Steve’s viewpoint is, in a way, ‘dangerously arrogant’. He believes the ‘safest hands are still our own’ but can’t seem to recognise the dangers of vigilantes having autonomy. The movie does side with him over time, but it’s not as clear-cut as Batman’s misunderstanding of Superman.
The fact one can wrestle with these political debates across 147 minutes that also feature the pitch-perfect introduction of Spider-Man (Tom Holland), Black Panther being insanely cool, Ant-Man (Paul Rudd) fanboying around Cap and turning into Giant-Man and other geekgasms is one of its biggest strengths; quicksilver navigation of weighty themes – for the MCU, that is – and requisite water-cooler thrills.
If you’re a novice walking in, I can’t imagine how difficult it would be to keep up. If anything, Civil War cemented the MCU’s dedication to serialised storytelling, imploring moviegoers to hop on and learn before the arrival of the Great Titan. Everything that follows is a richer experience as a result, making it a significant point not just for quality, but the overall arch of Earth’s defenders.

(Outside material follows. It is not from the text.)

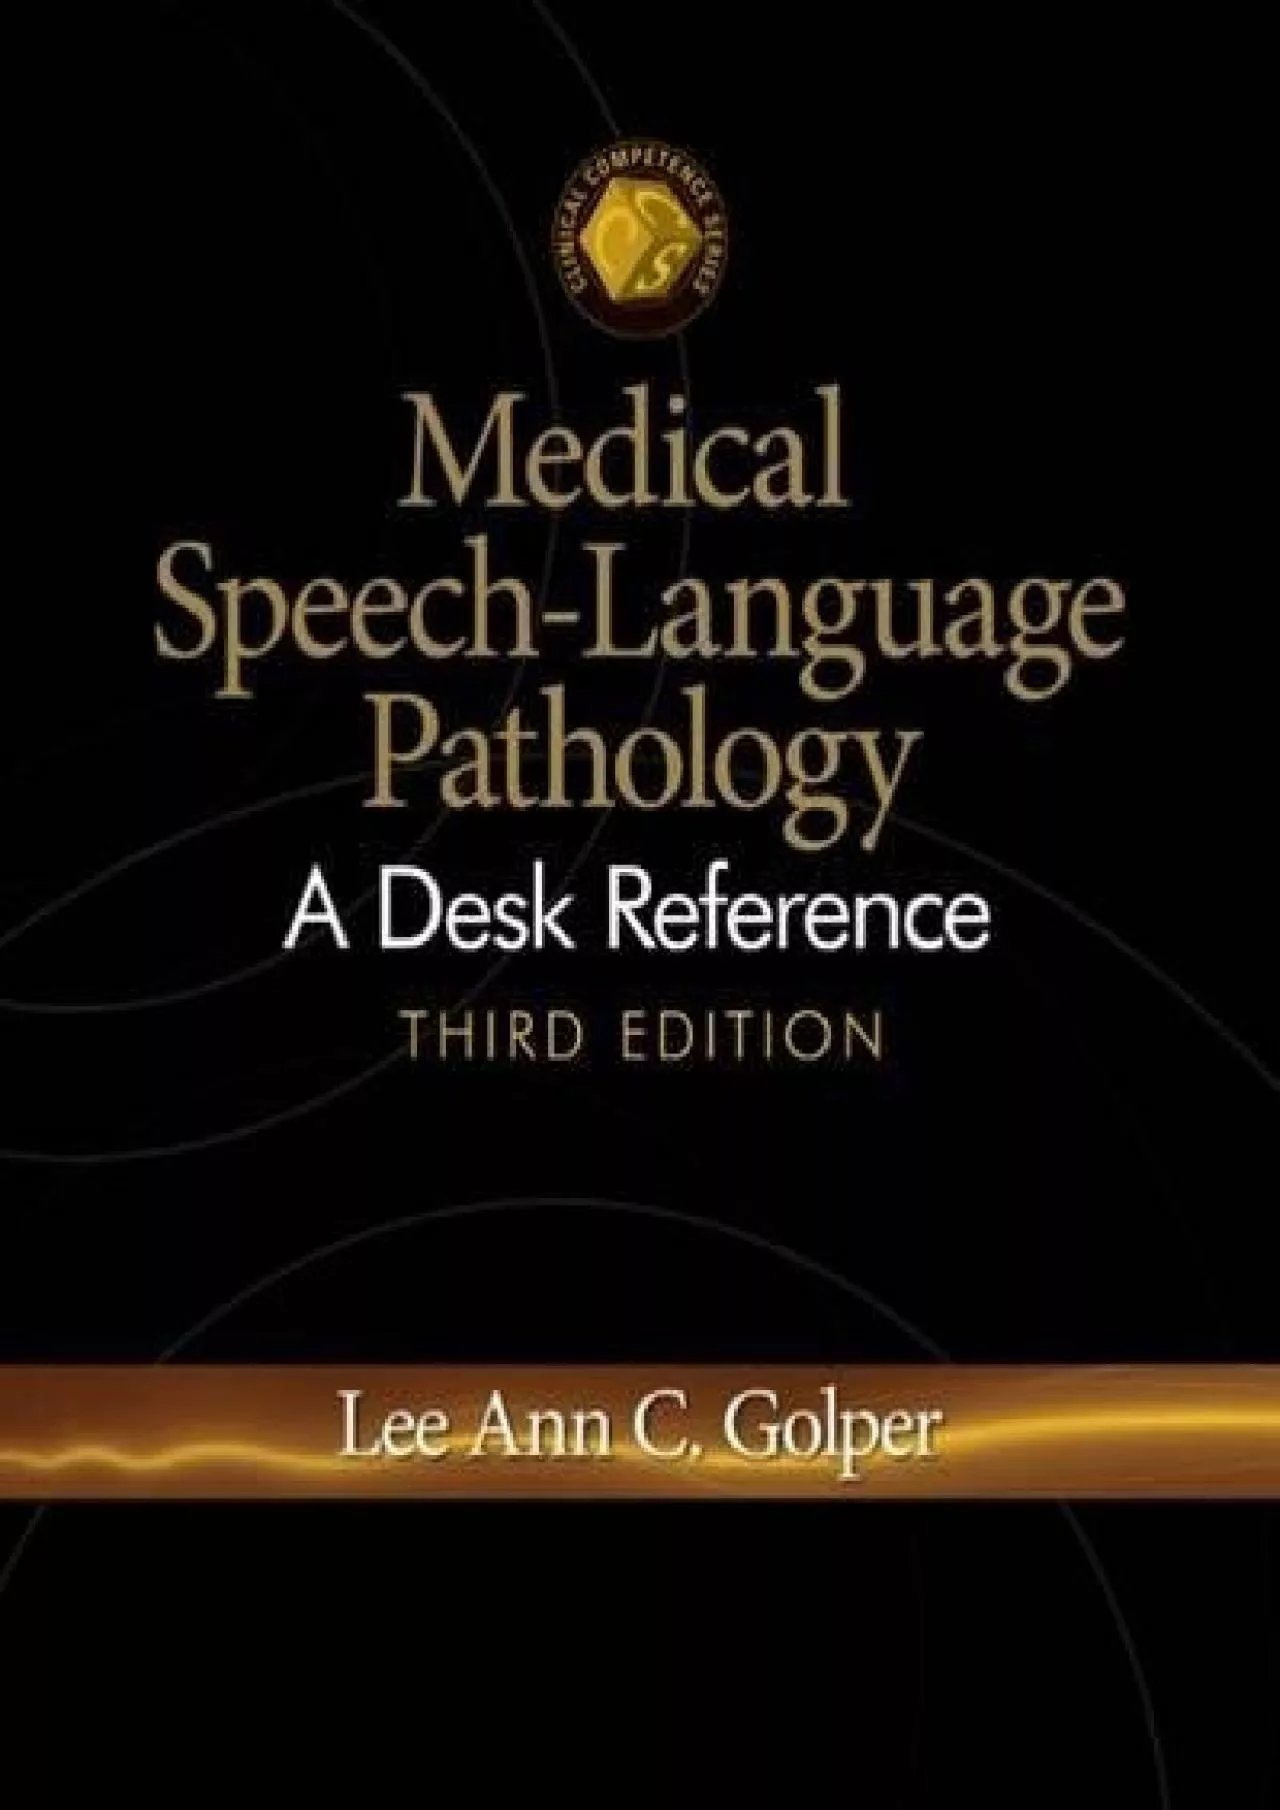 (DOWNLOAD)-Medical Speech-Language Pathology: A Desk Reference (Clinical Competence)

(But really, if you haven’t been watching, what have you been doing? Get on it.)
Action-wise, moments in the beginning are frustratingly choppy; Black Widow’s sequences are well-choreographed stroboscopes. But by the time we reach a close-quarters stairway brawl (reminiscent of the hectic glory of Winter Soldier‘s elevator) and a high-speed pursuit, grievances become a distant memory.
The fight at the airport is different gravy all-together. Sure, Endgame’s Portals scene and the ‘Avengers… assemble’ charge are the most rousing moments in the franchise – if not all of cinema, sue me! – but the slow walk morphing into a run between two tribes going to war was – and is – immense.

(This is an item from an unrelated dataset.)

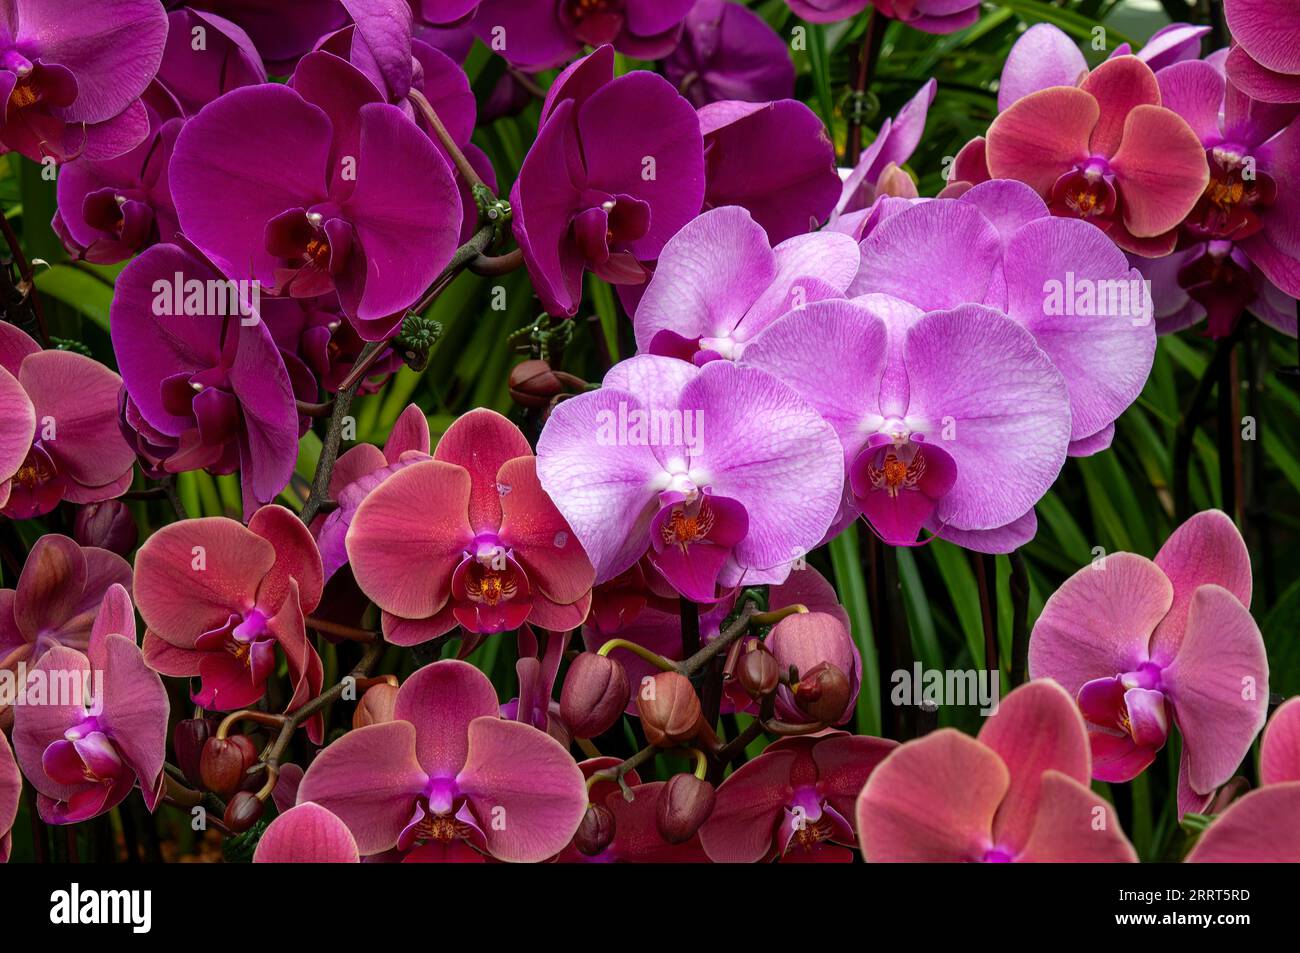 Sydney Australia, flowering pink and purple moth orchids Stock Photo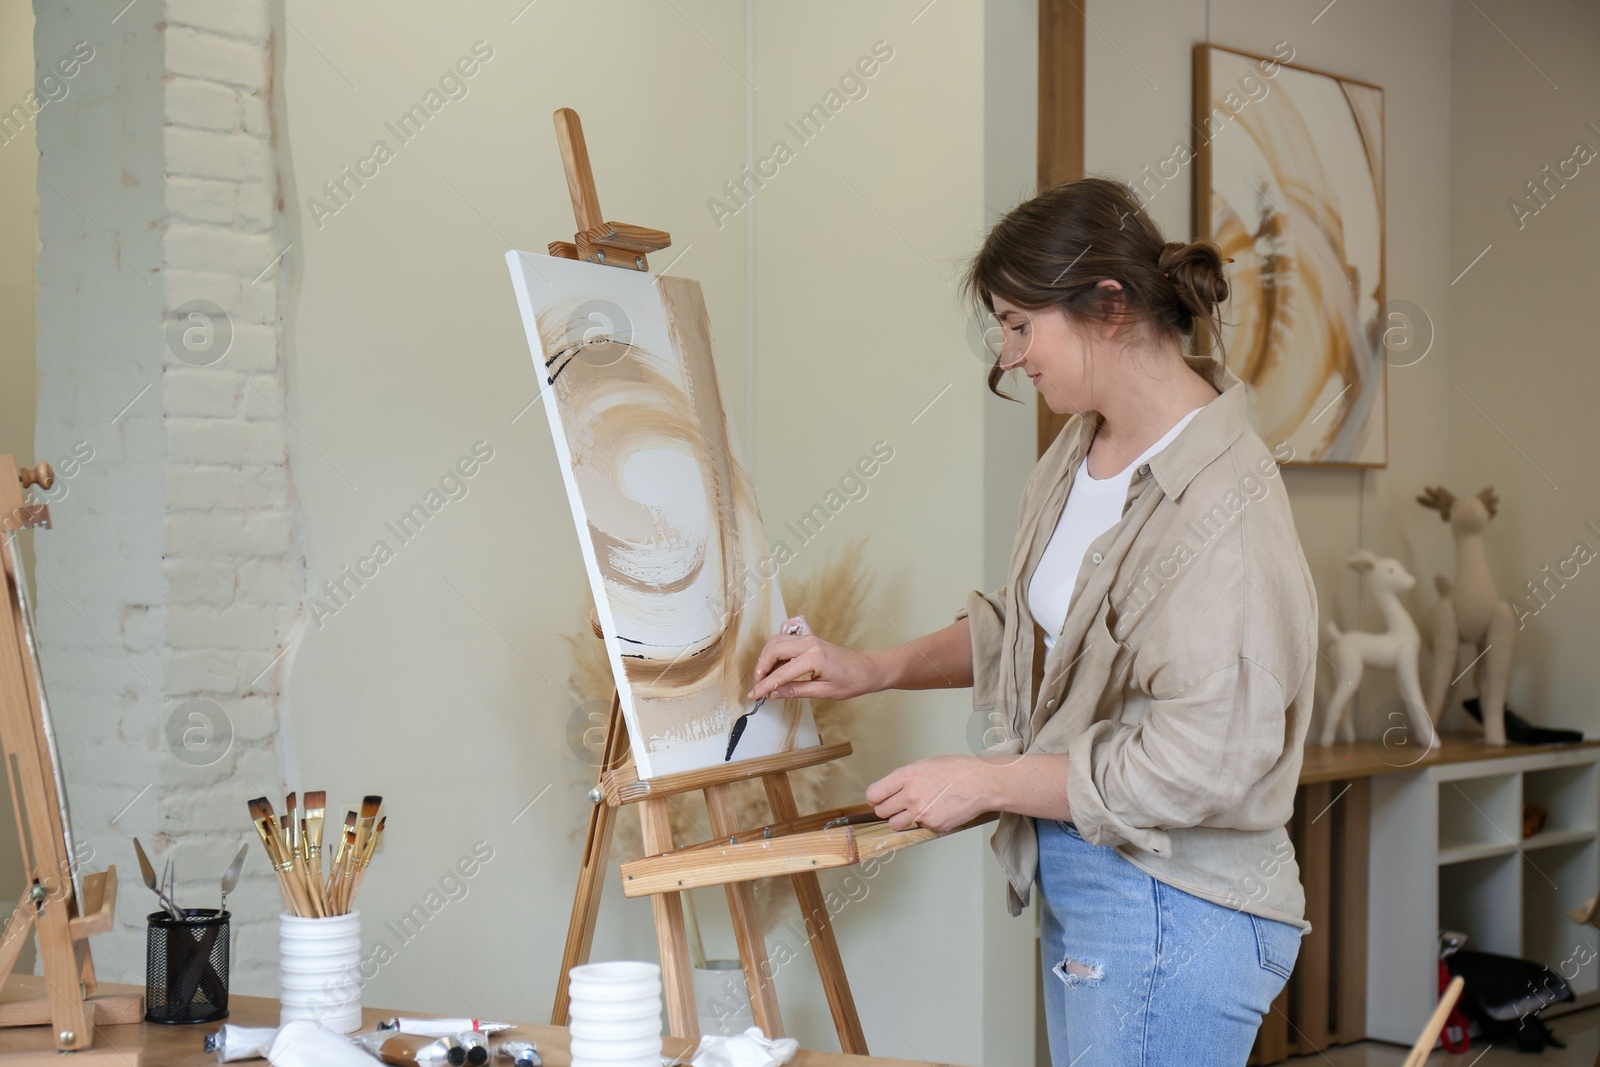 Photo of Woman with palette knife drawing picture in studio

The Russos have one thing down a tee: a fundamental grasp on why people love these superheroes. All of their powers are given a fair shake, played with, messed with and enhanced in one-on-ones, whether it’s Spidey slinging Cap’s shield, Hawkeye ‘making Iron Man look’, Wanda’s god-tier magic against… well, everyone, and Vision’s omnipotence.

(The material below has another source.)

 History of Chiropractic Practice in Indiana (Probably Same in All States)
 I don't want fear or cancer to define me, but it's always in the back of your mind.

With regards to the latter two heroes, Civil War makes their fate in WandaVision even more affecting, seeing the delightful, meaningful origins of their bond. Vision also has one of the best lines in the entire series, foreshadowing the universe-halving snap: ‘Our very strength incites challenge. Challenge incites conflict. And conflict… breeds catastrophe.’
Also, a film that gets Spider-Man this right deserves all the plaudits available. From his Queens bedroom to Berlin’s empty airport, Holland is a joy – dare I say it, he’s the best big-screen wall-crawler. ‘Hey buddy, I think you dropped this,’ cracks me up every time.
During my rewatch, I found its sadness most striking. Downey Jr.’s comedic timing needs no criticism, nor does Evans’ likeable rectitude, but carefully planted lines cut through the fun: ‘Your judgement is askew,’ Tony says, without a smile in sight; Steve hesitantly admitting he knew Bucky killed Tony’s mum and dad; ‘He’s my friend’, ‘So was I.’
The headline fight between Cap and Iron Man is worthy of a pay-per-view, going mano a mano with no pulled-punches. Every hit is fierce, made for pain, rooted in vengeance. We cheer, but the emotional gravity of their fallout looms on the heart. Between the arrival in Siberia and the credits, there was a large gap in my notes, before I jotted down one word: wow.
Infinity War and Endgame are destined to hold the spotlight – as they should, really. But Civil War operates on a different level; not a worse one, nor something better. There’s no big bad hellbent on the end of the world, no cities being levelled in the name of saving the day. It rises and falls under our friendships defining who we are, what we do, what we believe, to the bitter end. It’s the MCU’s Soul stone.